Upon retirement in 2001, Morris dedicated his time to his family, friends and the hobbies he loved most. An avid classic car enthusiast, Morris loved sharing his knowledge of classic cars. He carried a small picture of the car of his dreams, a red and white ’57 Ford Fairlane Retractable Hardtop in his wallet hoping one day to own one of these cars. His dream came true in 2018 when he found and purchased the exact car he had longed for so many years. He proudly drove his car in all of the Waxahachie parades, weather permitting of course.
Early in life, Morris developed a passion for building and flying remote controlled airplanes. He was often seen on a beautiful weekend day, in the middle of an open field, flying these airplanes. His love for flying airplanes would draw spectators to watch him as his enthusiasm and expertise for this hobby was clearly evident. This hobby led him to dream about learning to fly airplanes on a much larger scale. Years later, he obtained his private pilot’s license, purchased his own single-engine Cessna 152 and continued his fervent love of flying.
To many in the Nash Community and surrounding areas, Morris was known as “Mr. Goodwrench”. He could repair anything with or without an engine, but was notoriously known for his ability to repair lawnmowers.
Morris enjoyed gardening and sharing the vegetables he grew with his family and friends. He was extremely persnickety about his garden from the placement of each row and each plant to the timing for planting and harvesting. He especially enjoyed gardening with his close friend, Becky Oliver. In addition to gardening, Morris loved being a beekeeper. Beekeeping and his knowledge of bees were remarkable. He had always hoped he would be able to return to this hobby as it brought him great joy to experience and share the fruits of his labor and knowledge.
To know Morris was to know that he was a great patriot and his deep love for his country was evident. He often wore a hat, a shirt or a pair of socks that outwardly displayed his patriotism and love for America. Morris was a proud member of the NRA and was an avid gun enthusiast and collector.
Morris was a longtime member of the Men’s Downtown Bible Class in Waxahachie. He actively served as the treasurer for his Sunday School Class; a role he enjoyed and took very seriously. His devotion and responsibility to his fellow members of the Men’s Downtown Bible Class was apparent.
“Porky”, “PaPa”, Daddy or Morris…all names he was lovingly called and known by. Regardless of what name you referred to him by; Morris was a friend and a very good friend to everyone who had the honor of knowing him. Whether you worked with him, went to Sunday School with him, went to grade school with him, or knew him through his children and grandchildren; he was your friend. He thoroughly enjoyed talking with his friends about any subject that was of interest. He genuinely cared about everyone he came into contact with.

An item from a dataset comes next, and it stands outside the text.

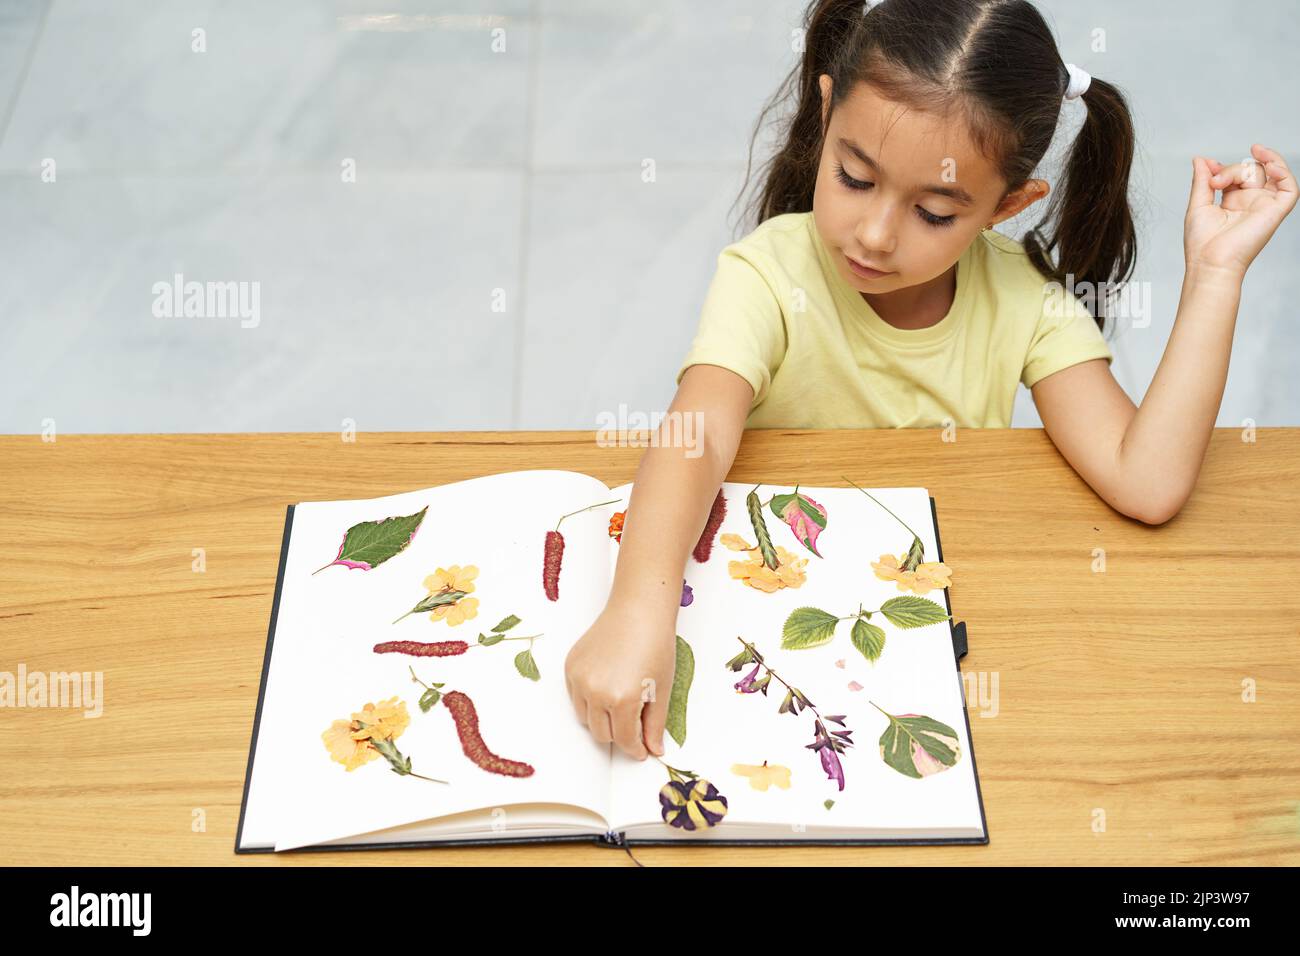 Child with dried flowers making herbarium on dining wood table in home. Dried pressed flowers view from above. Stock Photo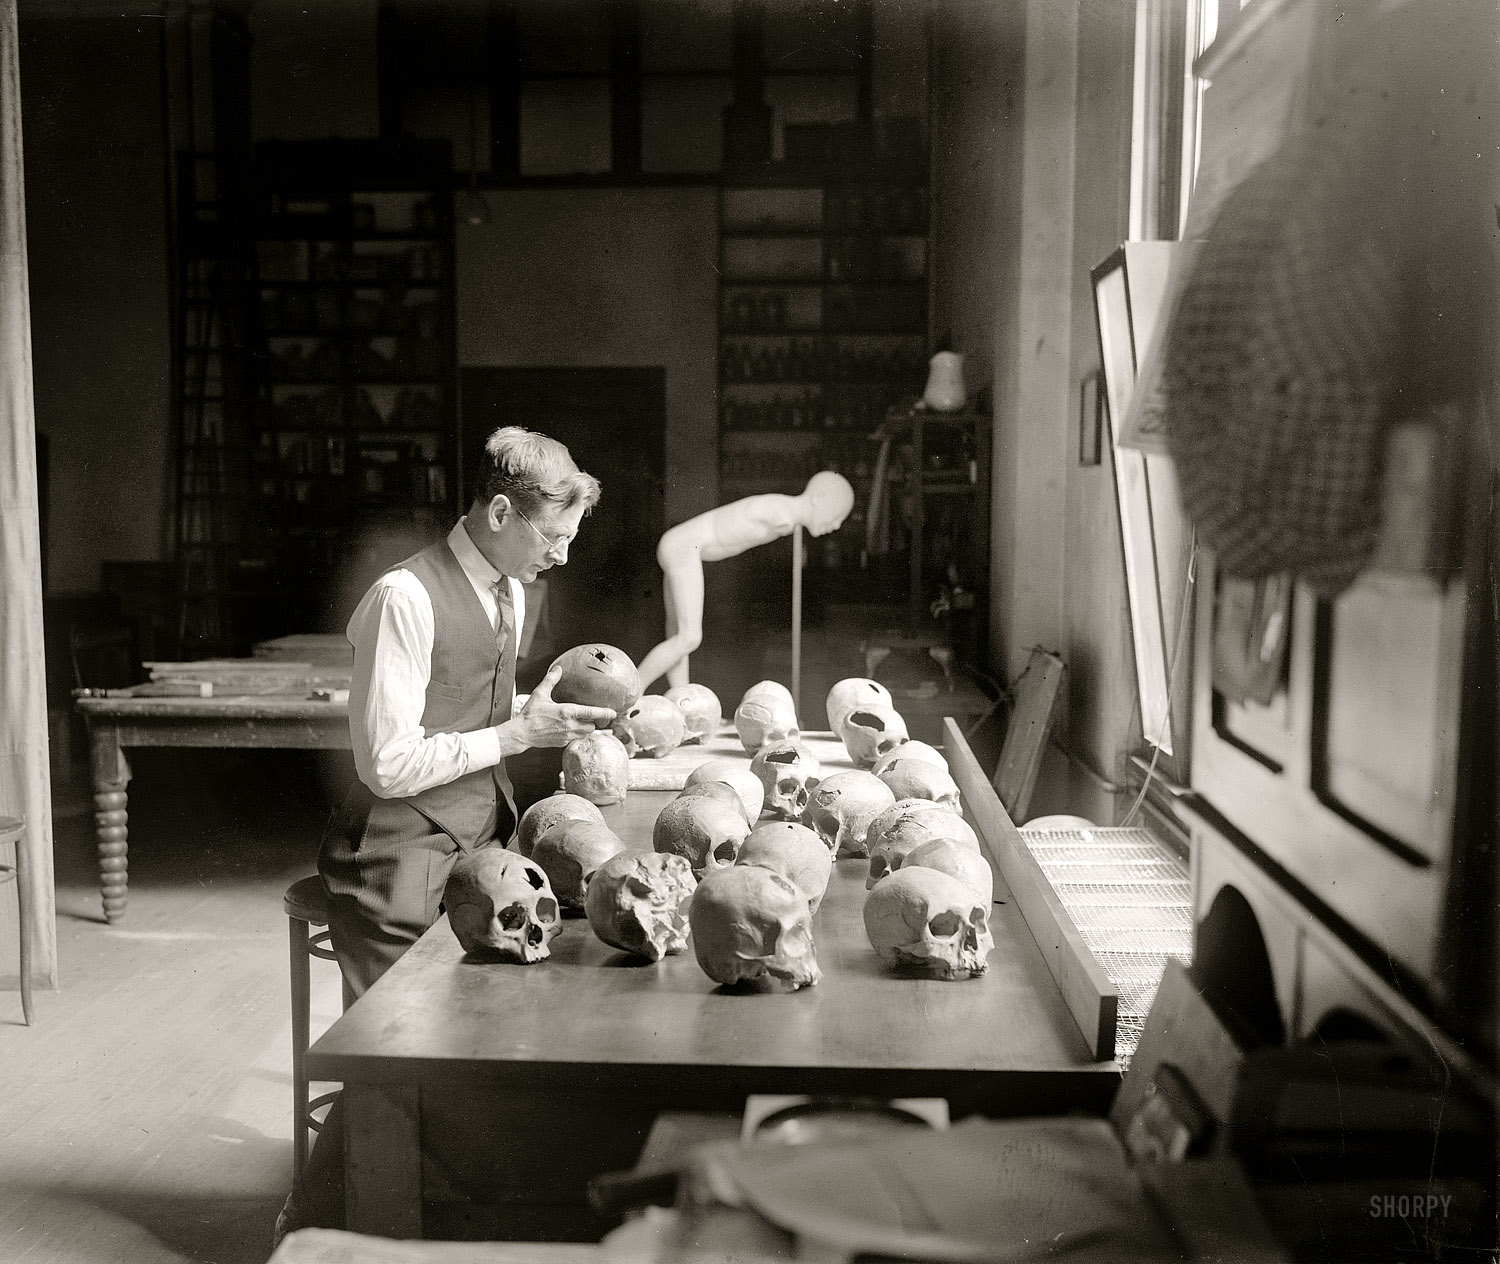 March 27, 1926. "William H. Egberts examining trepanned skulls in the anthropology laboratory at the National Museum. The crude method of trephining with the sharpened edge of a stone practiced by peoples living in Peru some 500 or 600 years ago is revealed." National Photo Co. View full size.

Above and beyond all of the passion he had for his cars, gardening, guns, bees and airplanes, his children, his grandchildren and especially his great-grandchildren brought him the most joy. The smile on his face bespoke of the love in his heart for all of them. He never turned an opportunity down to visit his children, grandchildren and great-grandchildren. They were the joy in his day, the pride in his heart and the ultimate lights of his life. The example he set of daily living faithfully through Christ, of being a man, a father and a grandfather will carry all of us in the days to come. Our hearts are heavy and our sorrow is overwhelming but we rejoice in the knowledge that we will see him again.
His parents, Neal and Marzelle Jenkins, preceded Morris, an only child, in death. He was also preceded in death by numerous aunts, uncles and cousins whom he loved deeply.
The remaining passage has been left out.